Fix ping-pong buffer index reset and removing redundant stream sync (deepspeedai#7805)

undersilence · tohtana · web-flow · commit 15ad92b459c6 · 2026-01-22T11:12:17.000Z
Fix deepspeedai#7804 and deepspeedai#7188 After investigating the code in `deepspeed/runtime/zero/stage_1_and_2.py`, I have identified the root cause. The regression regarding communication overlap was introduced in PR deepspeedai#7371 (deepspeedai#7371). While the additional two-stream synchronization in that PR fixes gradient corruption, it effectively disables the overlapping behavior. The underlying issue causing the gradient corruption (which deepspeedai#7371 attempted to fix) was actually introduced in PR deepspeedai#6993 (deepspeedai#6993). In that PR, `bucket.clear()` incorrectly resets the ping-pong buffer index to 0 at the end of `reduce_ipg_grads`. This logic disrupts the buffer index swapping mechanism within `reduce_independent_p_g_buckets_and_remove_grads`. To fix this, L121 in `deepspeed/runtime/zero/stage_1_and_2.py` should be removed to prevent resetting the buffer index. Additionally, the stream synchronization logic introduced in deepspeedai#7371 should be removed to restore the `overlap_comm=True` functionality. --------- Signed-off-by: szlent <metarufolds@gmail.com> Signed-off-by: Masahiro Tanaka <mtanaka@anyscale.com> Co-authored-by: Masahiro Tanaka <mtanaka@anyscale.com>
diff --git a/deepspeed/runtime/zero/stage_1_and_2.py b/deepspeed/runtime/zero/stage_1_and_2.py
@@ -118,7 +118,6 @@ def clear(self):
         self.params.clear()
         self.grads.clear()
         self.elements = 0
-        self.index = 0
         self.has_moe_params = False
 
 
@@ -1052,11 +1051,8 @@ def reduce_independent_p_g_buckets_and_remove_grads(self, param, i):
         bucket = self.ipg_buckets[comm_dtype]

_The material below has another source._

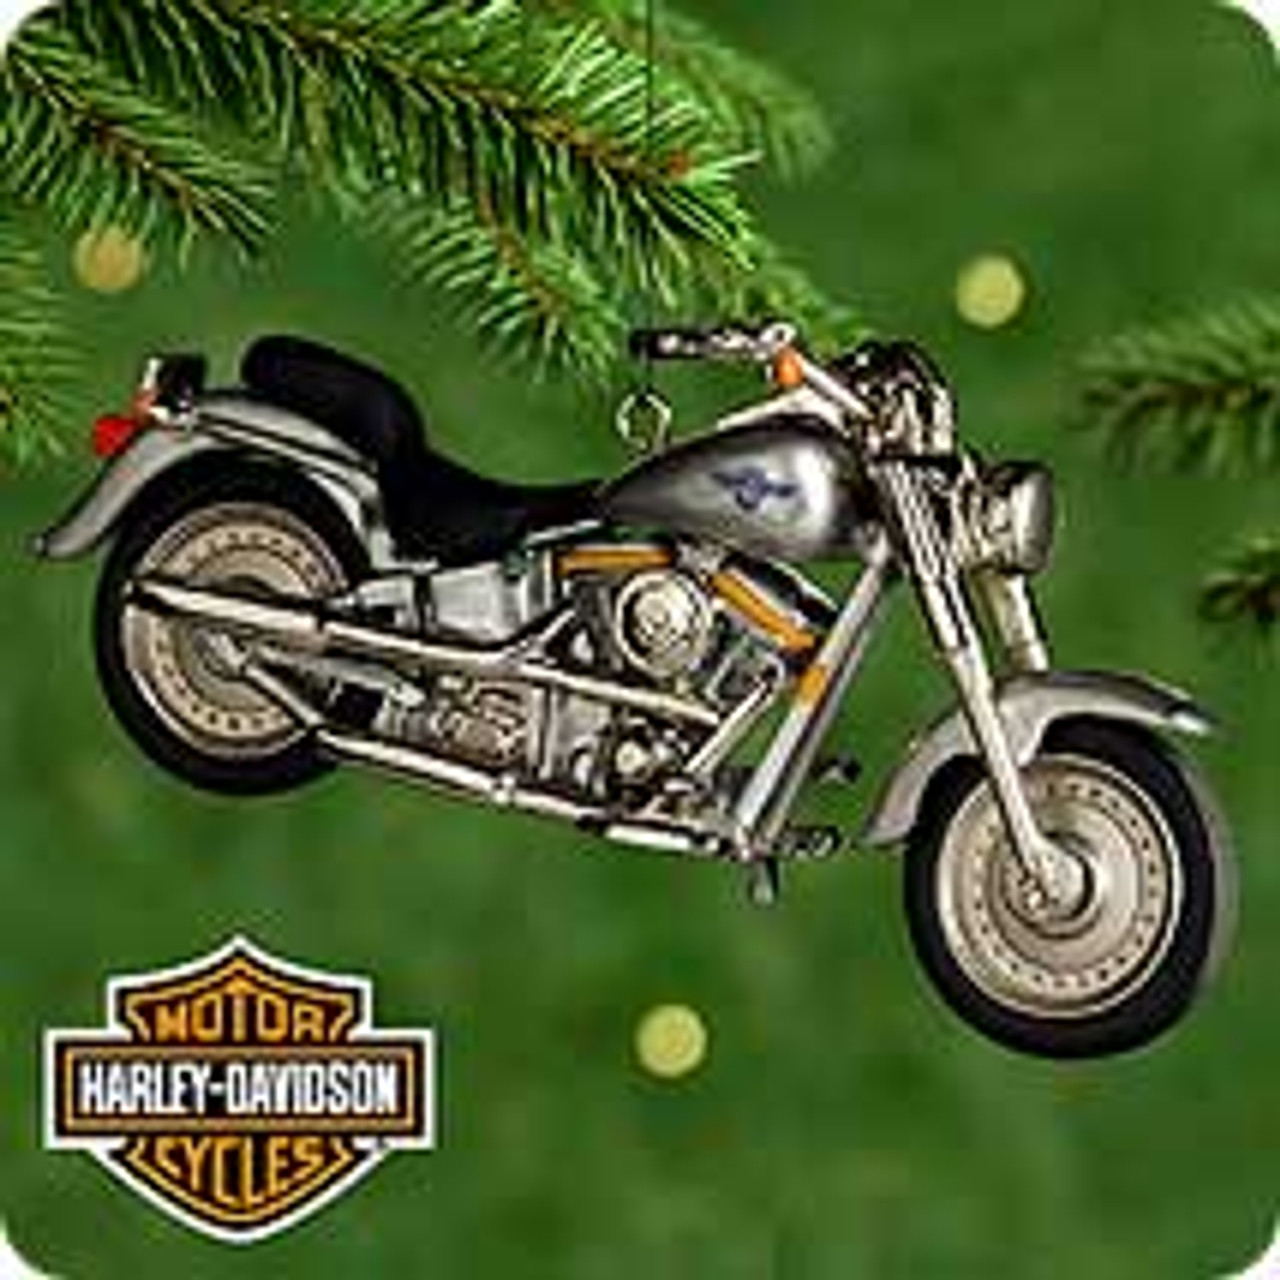 2000 Harley Davidson 2 Fat Boy Hallmark Ornament The Ornament Shop

         if bucket.elements + param.numel() > self.reduce_bucket_size:
             self.report_ipg_memory_usage("In ipg_remove_grads before reduce_ipg_grads", param.numel())
-            self.reduce_ipg_grads()
+            self.reduce_ipg_grads(comm_dtype=comm_dtype)
             if self.contiguous_gradients and self.overlap_comm:
-                if not get_accelerator().resolves_data_dependency():
-                    self.reduction_stream.wait_stream(get_accelerator().current_stream())
-                    get_accelerator().current_stream().wait_stream(self.reduction_stream)
                 # Swap index between 0 and 1
                 bucket.index = 1 - bucket.index
             self.report_ipg_memory_usage("In ipg_remove_grads after reduce_ipg_grads", param.numel())
@@ -1500,8 +1496,11 @@ def copy_grads_in_partition(self, param):
         #print(f"Grad norm after copy to contiguous_buffer {param.grad.data.norm()}")
         self.grads_in_partition_offset += param.numel()
 
-    def reduce_ipg_grads(self):
-        for comm_dtype in sort_dtypes(self.ipg_buckets.keys()):
+    def reduce_ipg_grads(self, comm_dtype=None):
+        dtypes = sort_dtypes(self.ipg_buckets.keys())
+        if comm_dtype is not None:
+            dtypes = [comm_dtype]
+        for comm_dtype in dtypes:
             bucket = self.ipg_buckets[comm_dtype]
 
             if self.contiguous_gradients:
@@ -1536,7 +1535,7 @@ def reduce_ipg_grads(self):
             stream = get_accelerator().current_stream()
 
         with get_accelerator().stream(stream):
-            for comm_dtype in sort_dtypes(self.ipg_buckets.keys()):
+            for comm_dtype in dtypes:
                 bucket = self.ipg_buckets[comm_dtype]
 
                 for group_idx, param_idx_in_group, param_id in bucket.params: